The rule states that if you have an integral of the form:

• \( \int_{a(z)}^{b(z)} f(t, z) \ dt \)

where the limits \(a(z)\) and \(b(z)\) are functions of \(z\), the derivative of this integral with respect to \(z\) can be expressed as:

• \( \frac{d}{dz} \int_{a(z)}^{b(z)} f(t, z) \ dt = f(b(z), z) \cdot b'(z) - f(a(z), z) \cdot a'(z) + \int_{a(z)}^{b(z)} \frac{\partial f(t, z)}{\partial z} \ dt\)

This formula comprises three parts:

• The evaluation of the function \(f\) at the upper limit \(b(z)\) multiplied by the derivative of \(b(z)\).
• A subtraction of the function \(f\) evaluated at the lower limit \(a(z)\), multiplied by the derivative of \(a(z)\).
• An integral correction term accounting for any \(z\)-dependence of the function \(f(t, z)\).

In cases where \(f(t,z)\) does not depend on \(z\), the correction term is zero.

Integral Calculus

Integral calculus is a central part of calculus focused on the concept of integration.
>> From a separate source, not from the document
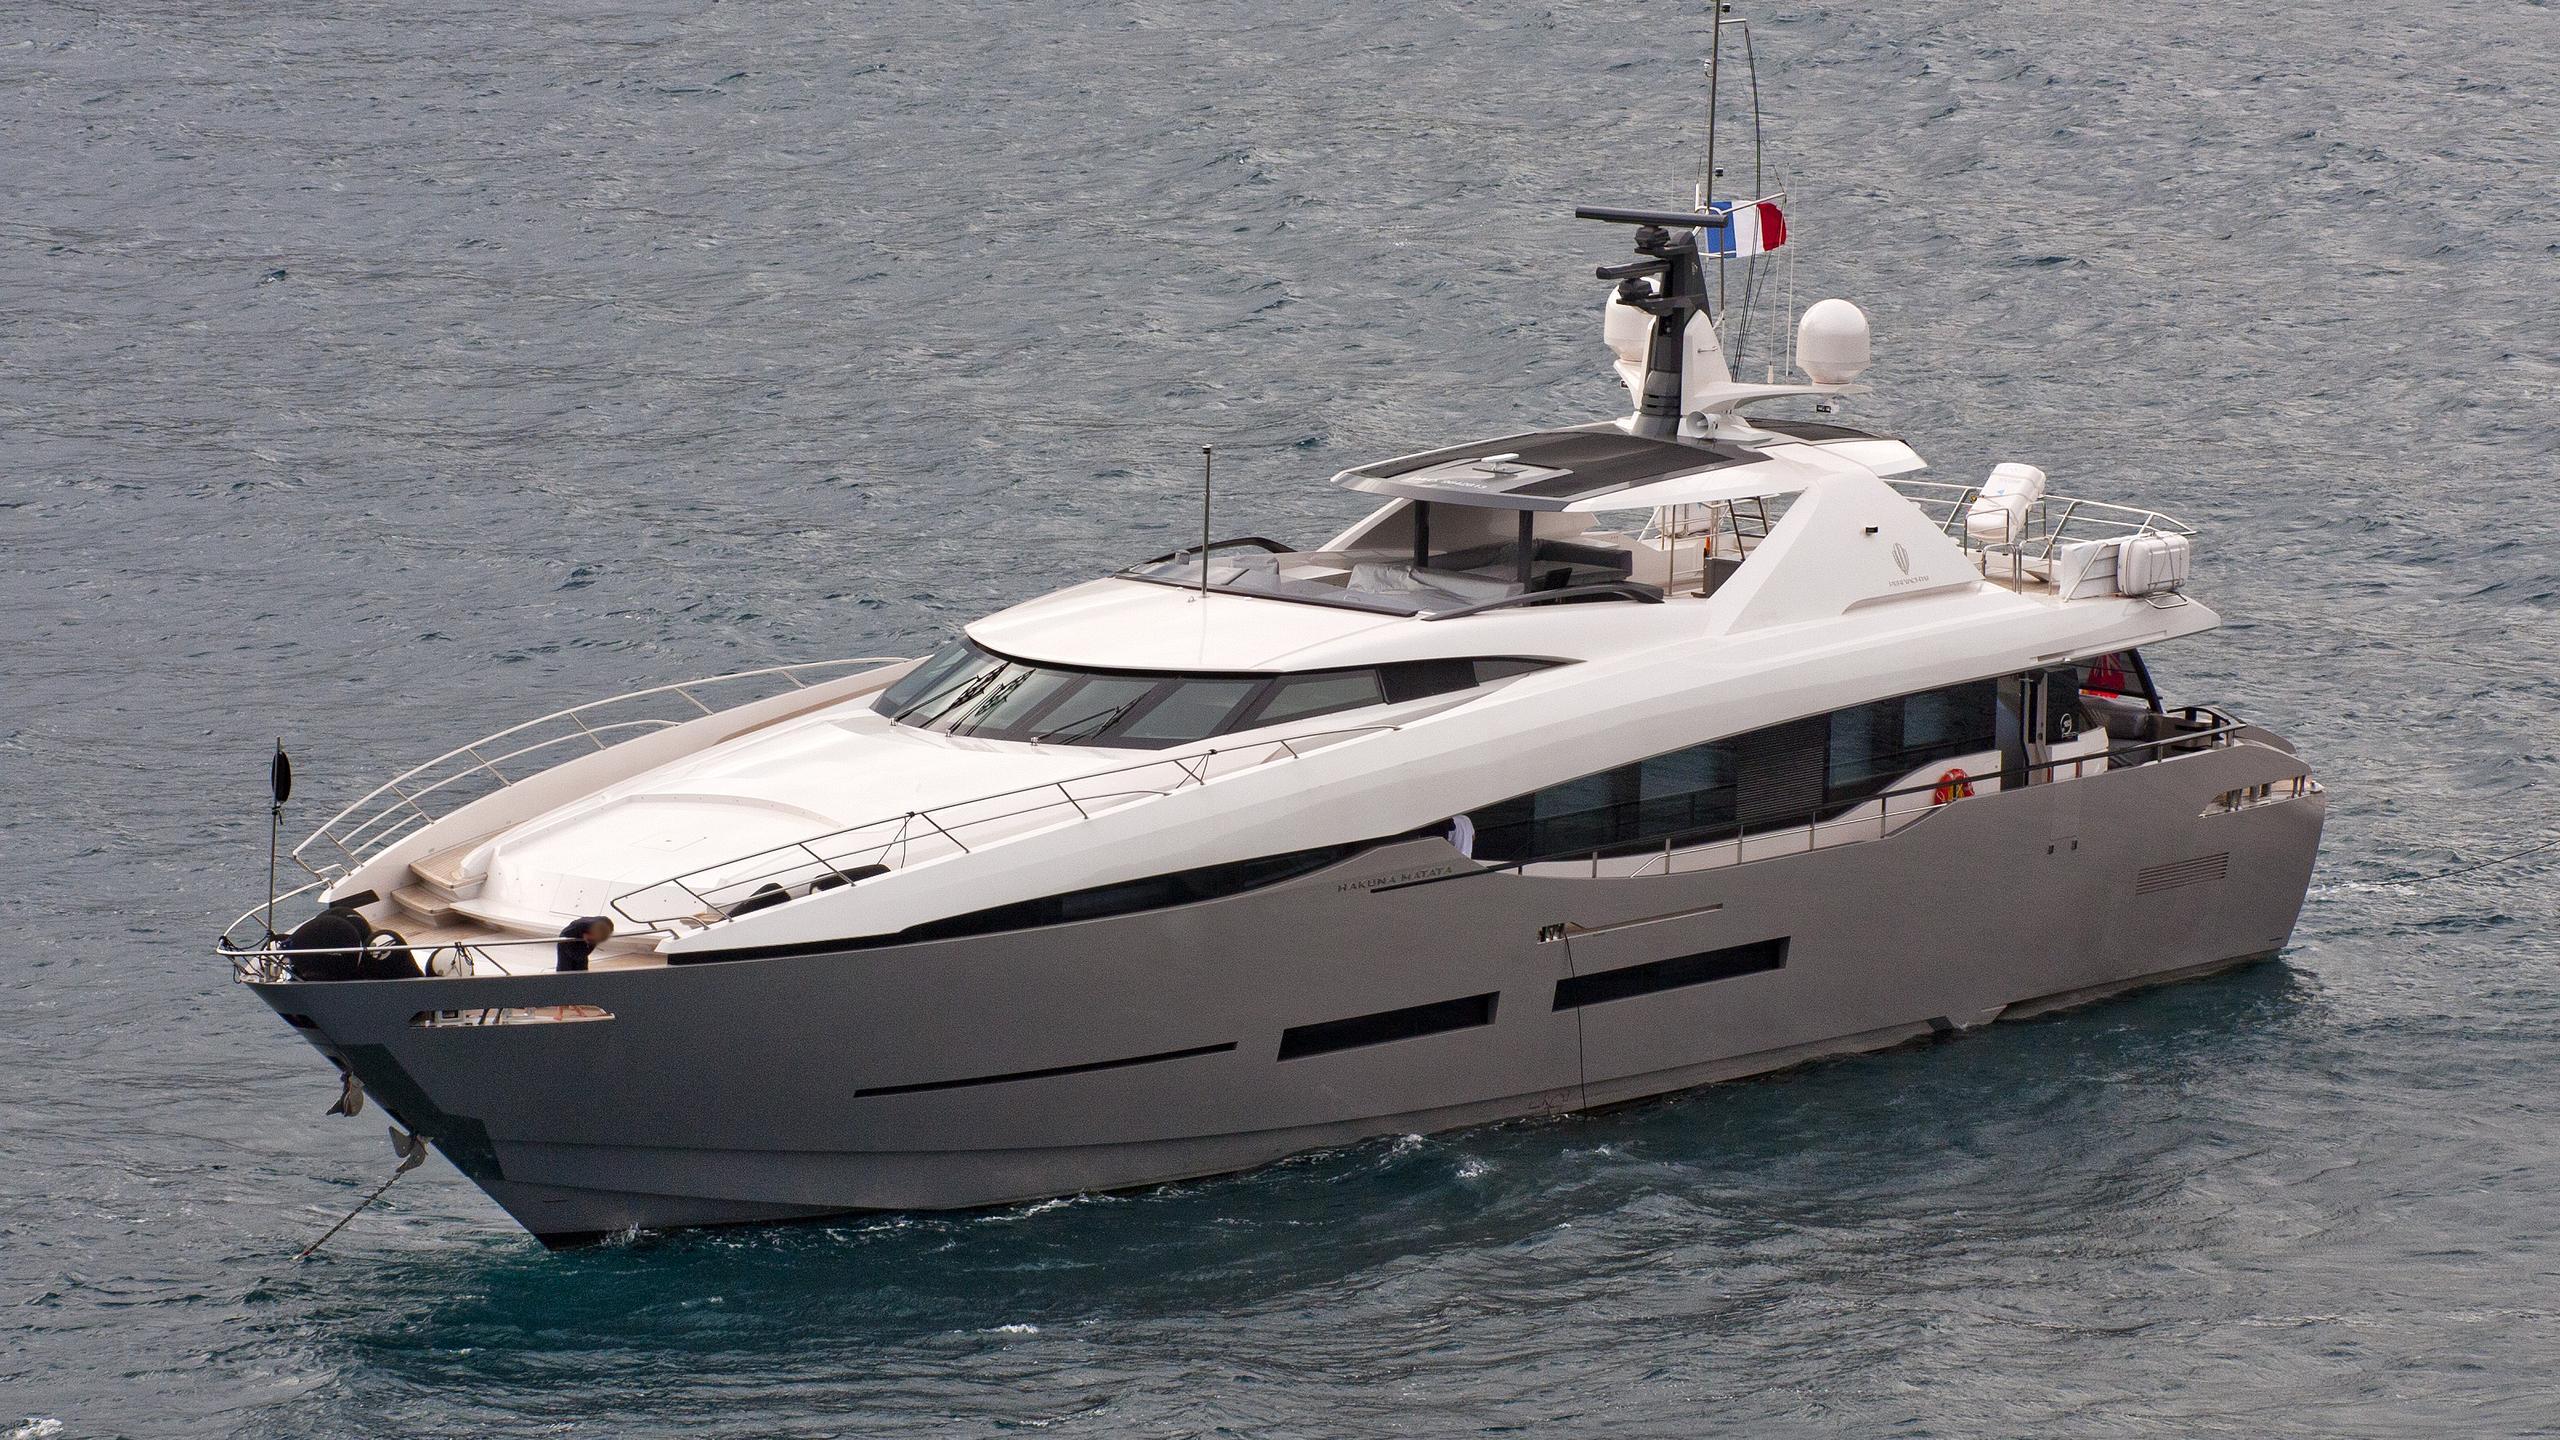 hakuna-matata-motoryacht-peri-yachts-2011-38m-half-profile

It is the mathematical discipline that deals with summing continuous quantities and finding accumulated quantities..
When you integrate, you essentially compute the area under a curve or the total accumulation of a quantity given a rate of accumulation.
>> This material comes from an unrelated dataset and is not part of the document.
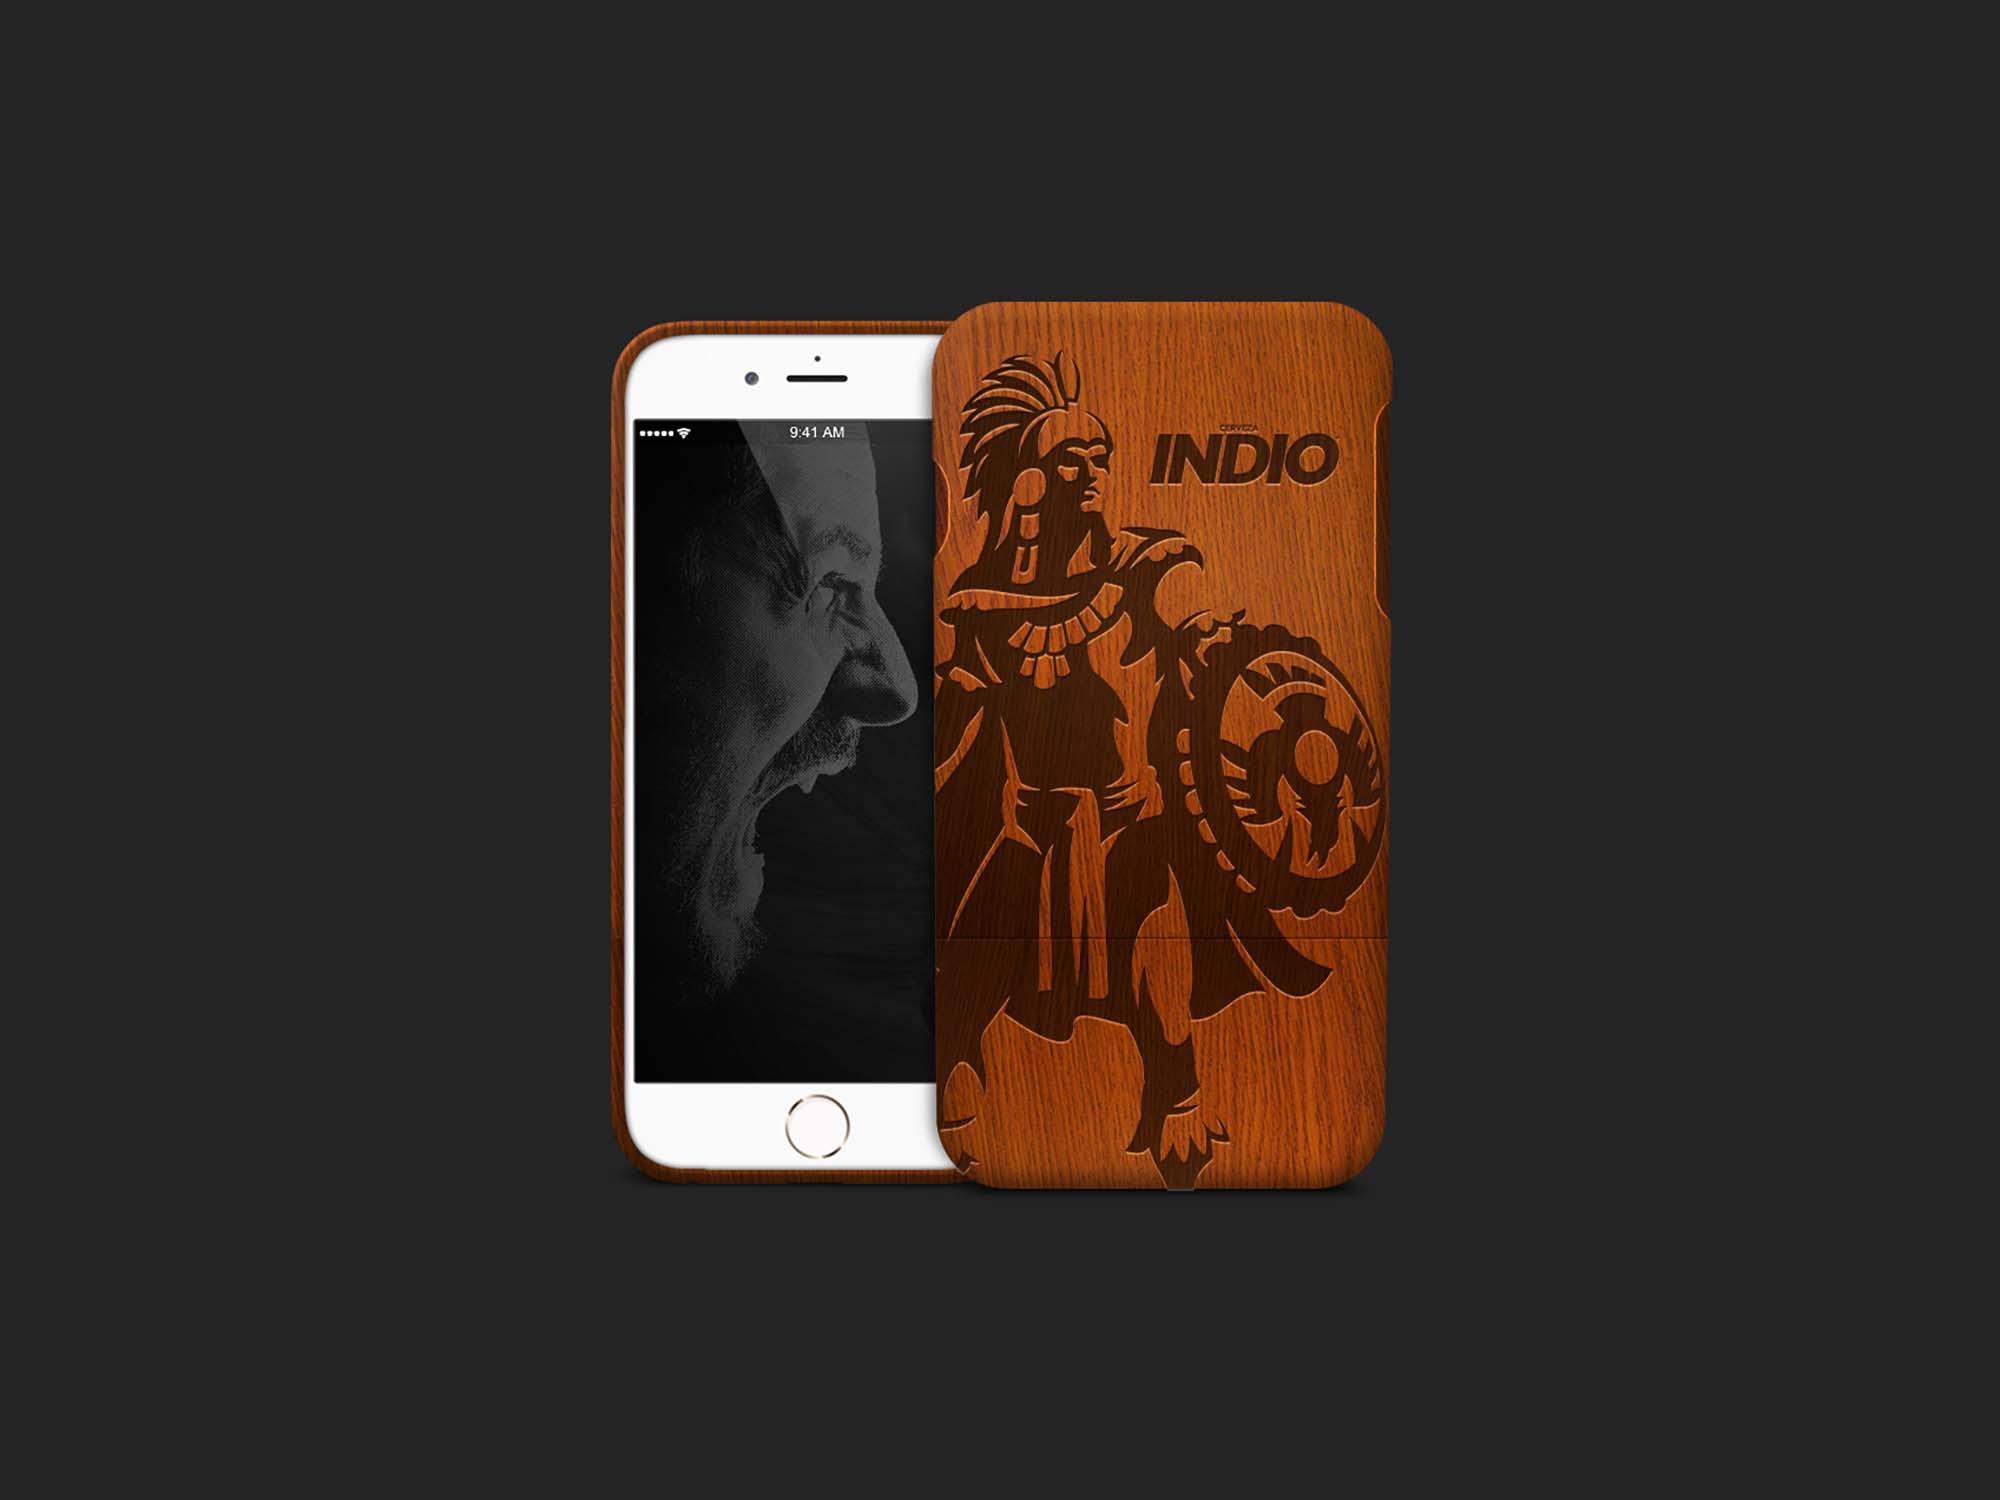 Bamboo Wood iPhone Case Mockup

• Indefinite Integrals: These are integrals without specified limits and include an arbitrary constant \(C\). They represent a family of functions and are written as \(\int f(x) \, dx\).
• Definite Integrals: These have specified limits and represent a number that quantifies the accumulated value of a function over a specific interval, written as \(\int_{a}^{b} f(x) \, dx\).
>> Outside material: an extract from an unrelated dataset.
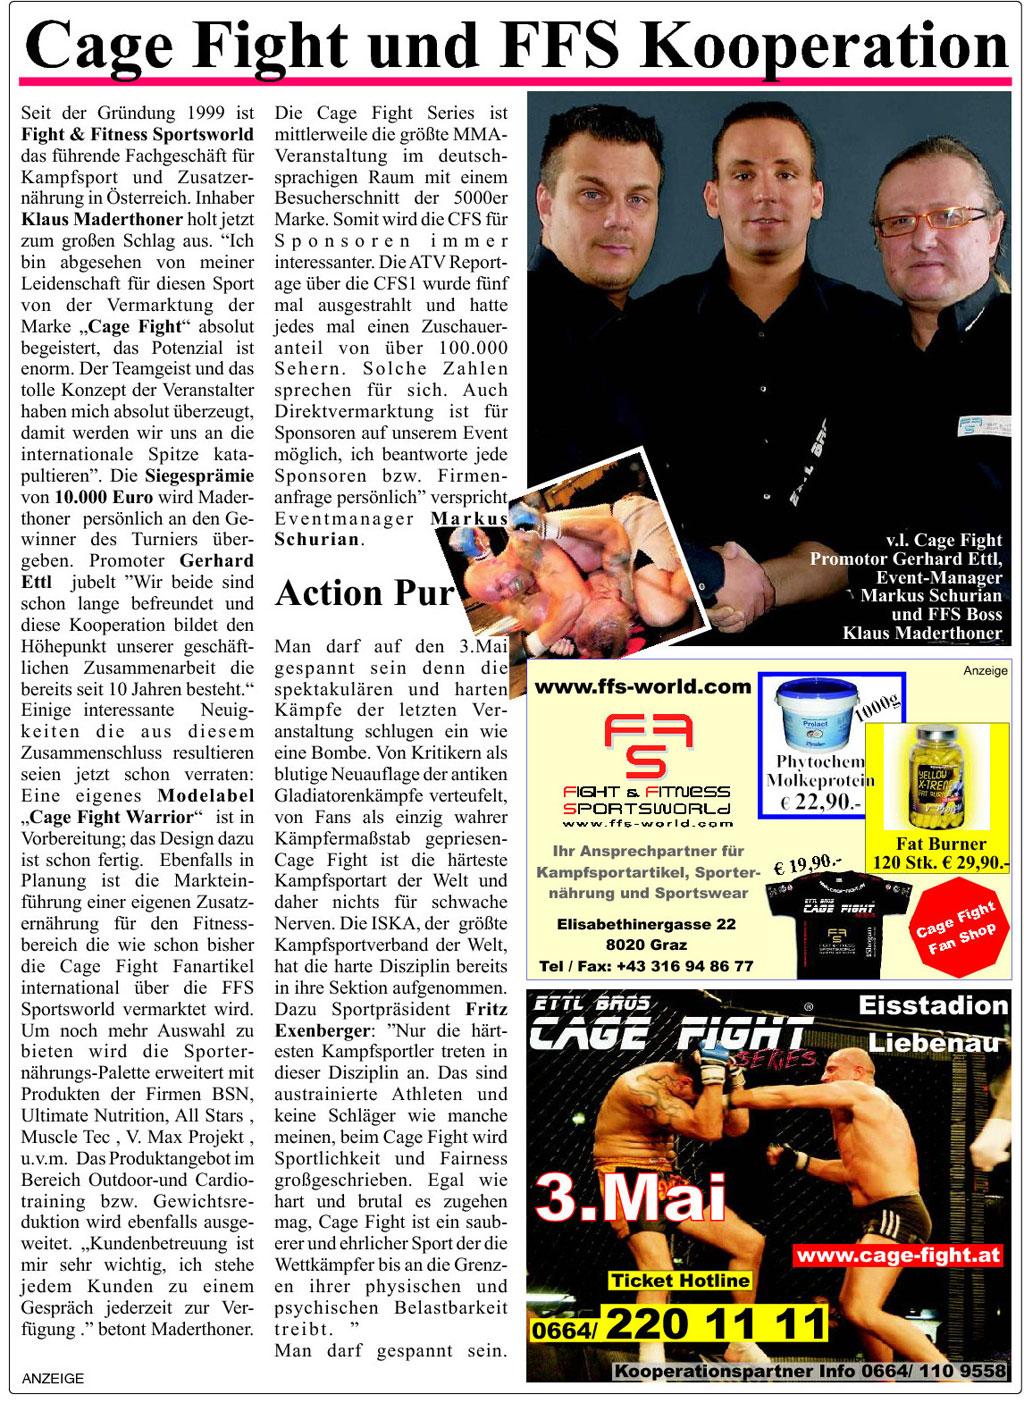 Der Grazer 06.April 2008

In applied mathematics, integral calculus is used to solve physical problems involving quantities such as length, area, and volume.
It complements differential calculus, which concerns rates of change and slopes of curves.

Derivative of an Integral

The derivative of an integral might sound complex, but it represents how the accumulated total changes in response to changes in its limits. When addressed with fundamental theorems and rules, such as the Leibniz Rule, it becomes quite manageable.
This operation arises in both theory and application, particularly where the bounds of an integral are not constants but vary with another parameter, like \(z\) in our problem.
The process includes evaluating the behavior of the integrand at the boundaries and the influence of these boundaries on the total value of the integral.
In simple terms, when you derive an integral:

• You assess how the changes in the limits, expressed as functions, influence the integral.
• You determine if the integrand itself changes, in which case additional calculations might be necessary.

Applications of this concept are extensive, finding relevance in areas such as physics, engineering, and any field where dynamic systems are analyzed.